Kolombo terus mencatat pertumbuhan throughput setelah pembangunan pelabuhan baru sehingga mendorong pertumbuhan kapasitas pelabuhan sebesar melampaui 18.000 TEUs. Algeciras menempati peringkat pertama di Mediterania dengan volume sebesar lima koma dua persen, tetapi Pelabuhan Valencia mengalami penurunan kapasitas sebesar nol koma dua persen. Kinerja kedua pelabuhan terus memburuk yang dipengaruhi oleh permasalahan perburuhan yang tidak kunjung selesai.
Sisi lain, permasalahan perburuhan di Piraeus berhasil diselesaikan seiring privatisasi pelabuhan, ditandai dengan peningkatan volume sebesar empat belas koma satu persen sejak kehadiran Perusahaan China Ocean Shipping (Group). Peningkatan tersebut diakibatkan dari operator kapal yang melayani pengiriman petikemas secara langsung ke pelabuhan-pelabuhan di Mediterania dan di Eropa Utara. Pelabuhan Amerika Utara beragam, Los Angeles meningkat sebesar delapan koma lima persen akibat membaiknya situasi ekonomi dan kepercayaan konsumen di Amerika Serikat, serta negara-negara Asia diuntungkan akibat stabilitas nilai tukar.

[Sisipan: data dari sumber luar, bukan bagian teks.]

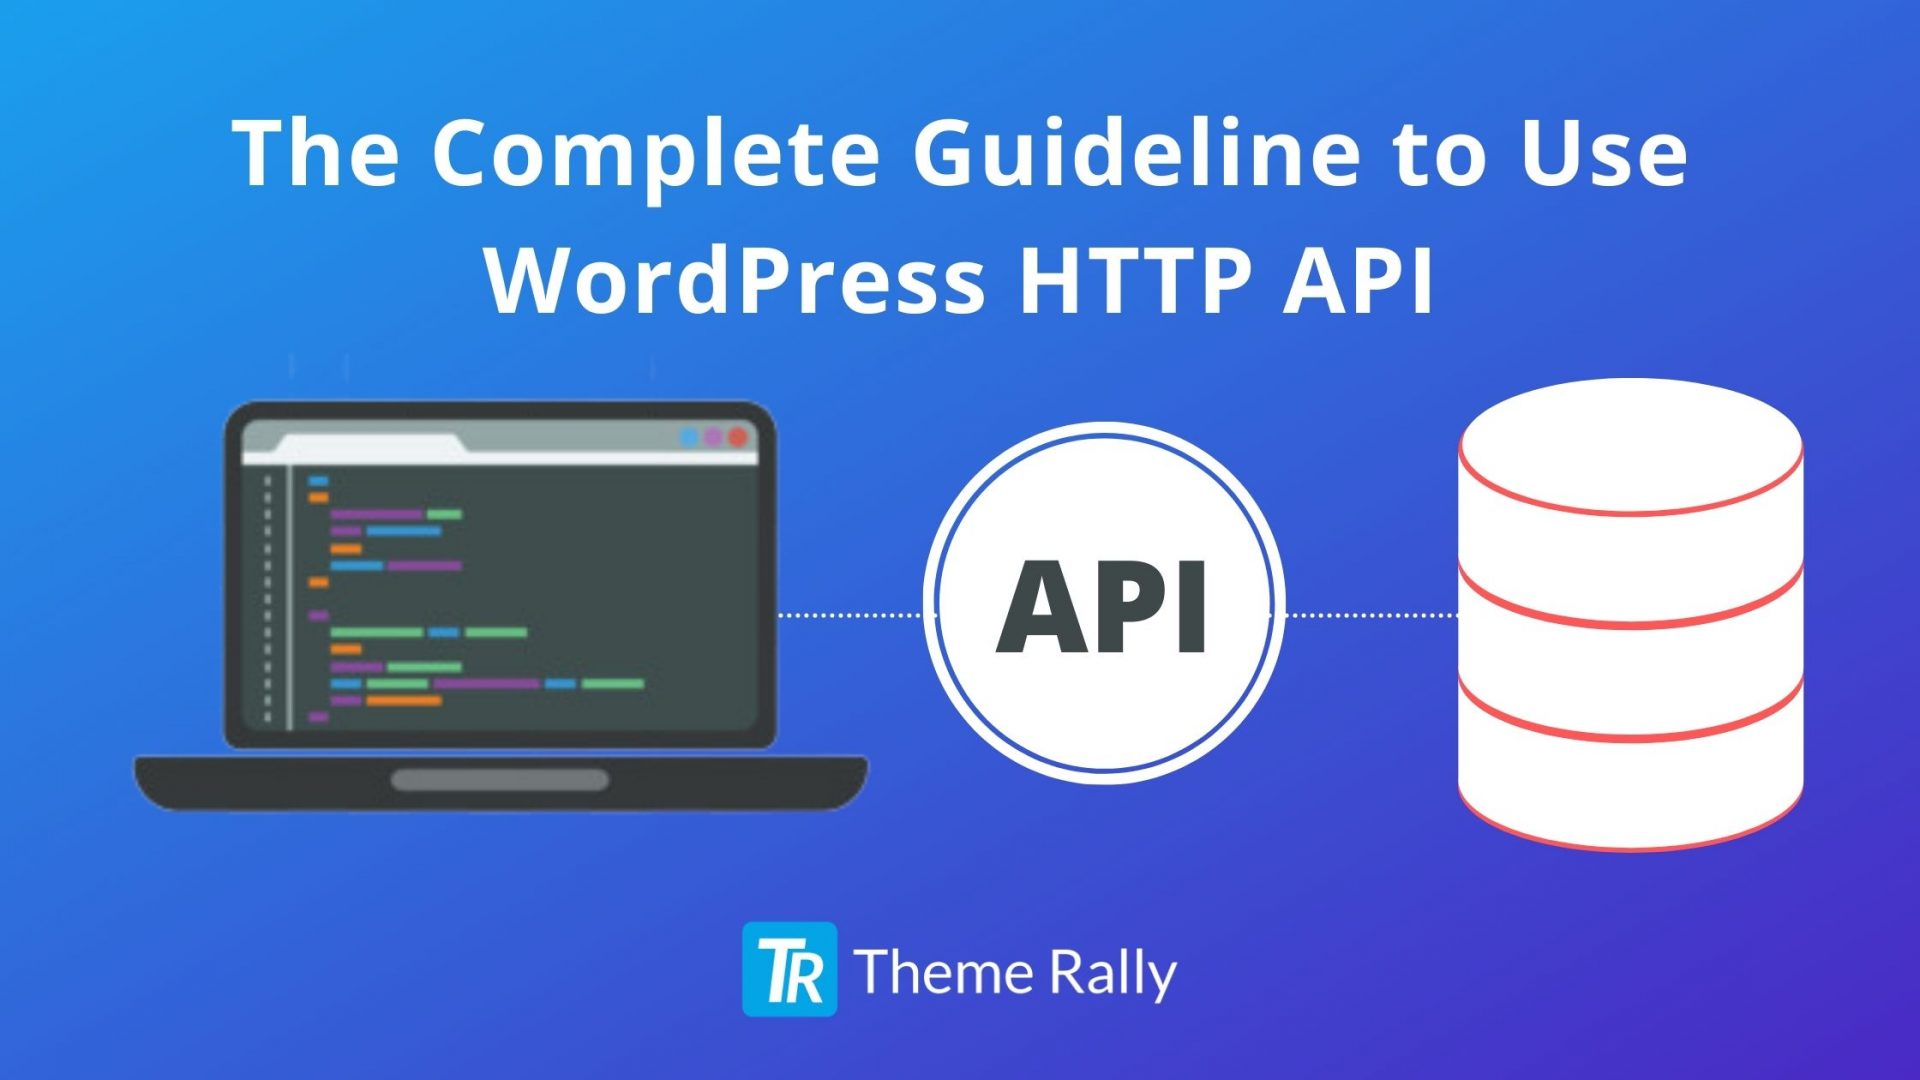 The Complete Guideline to Use WordPress HTTP API

Selaras dengan target perencanaan barang pelabuhan yang terintegrasi pada skala internasional, berbagai fenomena pelabuhan-pelabuhan dunia dapat diambil benang merahnya. Waktu sepuluh bulan cukup menyiapkan standar operasional pelabuhan maksimal, dan sekarang saatnya penyiapan kapal induk serta memaksimalkan volume petikemas yang memadai. Peningkatan volume, jaringan aliansi kapal, permintaan dan penyebaran kapal yang lebih besar, dan, yang tidak kalah penting menciptakan stabilitas ekonomi dan kepercayaan pasar.